Now, for MinorFs itself. MinorFs currently consists of two user-space filesystems. These filesystems are relatively simple Perl scripts implemented using the FUSE Perl module. Each filesystem has its own distinct task. FUSE (Filesystem in USErspace) is a kernel module that allows nonprivileged users to create their own filesystems.
MinorCapFs is at the core of MinorFs. Some time ago, the Linux directory and file-access API was extended with a set of new calls—openat(), mkdirat() and so on—that take an additional first argument, a file descriptor, which specifies from where relative paths should be resolved (these calls are to be standardized in a future version of POSIX). Given the fact that file handles in Linux can be communicated between processes and used as capabilities, it seemed like a good idea to look at the new directory handle calls and create or extend an LSM module so that directory handles could be passed as directory capabilities. The main goal was to use a directory handle as a capability to a directory that wouldn't disclose anything about parent directories.
After discussing my ideas with the AppArmor people, it was concluded that I should try to do as much as possible in user space, so I started designing MinorCapFs. The goals of MinorCapFs are to allow (unattenuated) decomposition, delegation and composition of subgraphs. MinorFs defines a sparse capability for each directory tree subgraph.
In order for you or your program to decompose the directory graph, each file and directory is given an extended attribute named cap. This extended attribute holds the full MinorCapFs path containing the sparse capability for the directory subgraph. Using any form of interprocess communication at your disposal, this path can be shared with any process or even with other users on the same system. The receiving user or process can create a symbolic link in another directory subgraph—for example, in order to make the delegation permanent.
Figure 1 shows how you could use the attr command to fetch the cap attribute, and how this attribute can be used as a short strong path or sparse capability to a directory or file. Normally, you should not use the command line for this but instead do the same thing from your program code. The getxattr function can be used to do the same thing that the attr command does in the example above.

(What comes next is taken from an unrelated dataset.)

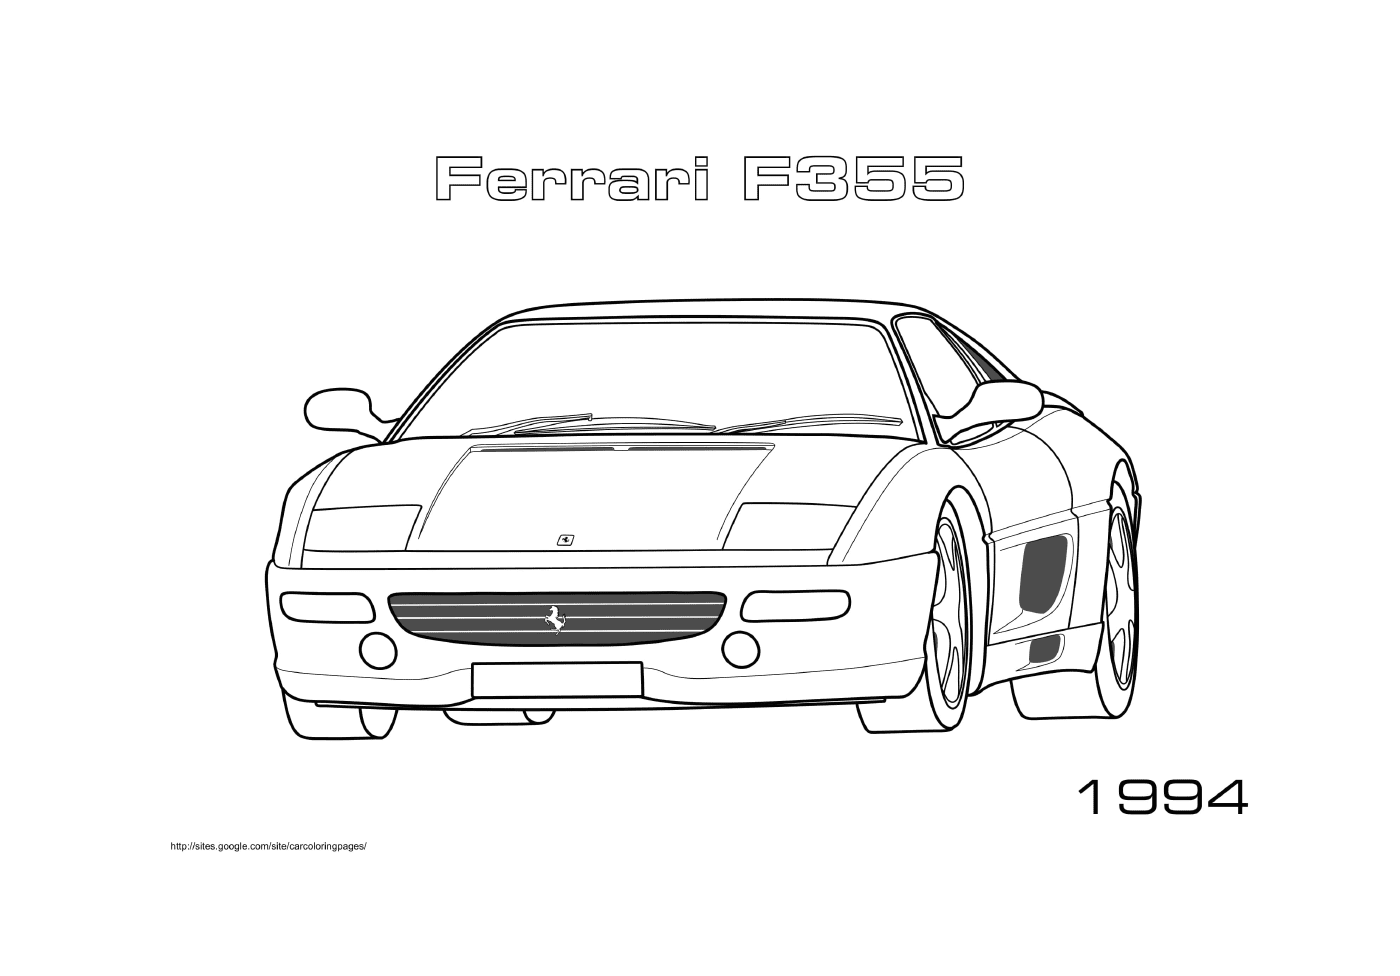  Ein Ferrari F355 1994 Auto

Composition is almost as important as decomposition. Where the usage of extended attributes for decomposition may be strange and new, composition uses a construct that we probably are all much more comfortable with, the construct of using symbolic links. Next to decomposition, MinorCapFs provides the ability to create symbolic links in the same way that the filesystems we are used to do. Thus, MinorCapFs combines two basic functionalities for doing simple unattenuated decomposition of directory tree graphs and for doing composition of directory graphs from subgraphs.
You could say that MinorCapFs provides the simplest bare-level form of unattenuated capability-based access control. But, what holds the top-level capability? And, how are subgraphs delegated to individual processes? That's where a second filesystem comes in.
As MinorCapFs provides for tree graph decomposition and composition constructs, something has to pass sparse capabilities to processes in order for any process to become able to use MinorCapFs.
To see how we need to solve this, let's take a step back and look at the parallelisms we are trying to exploit. We are trying to make processes into a coarser-grained form of object that, just like objects in any OO language, have private data members. There are two ways to look at the process as such. First, there is the traditional view of nonpersistent processes where all state held by the process disappears when the system reboots or ends for any other reason. You could look at this form of delegation as a better alternative to the troublesome usage of temp directories. Temporary files, by default, would become private to the process until the process delegates them explicitly to other processes.
It is important to note that the temp provision of MinorViewFs is not a reference-counting garbage-collection system. Delegated subgraphs instantly will become invalid at the time the owning nonpersistent process dies.
MinorViewFs delegates subgraphs to individual processes by means of two symbolic links under /mnt/minorfs/priv (Figure 2). Each process reading these symbolic links will have a completely different set of subgraph sparse capabilities delegated to it. The second symbolic link /mnt/minorfs/priv/tmp points to the temporary subgraph described above.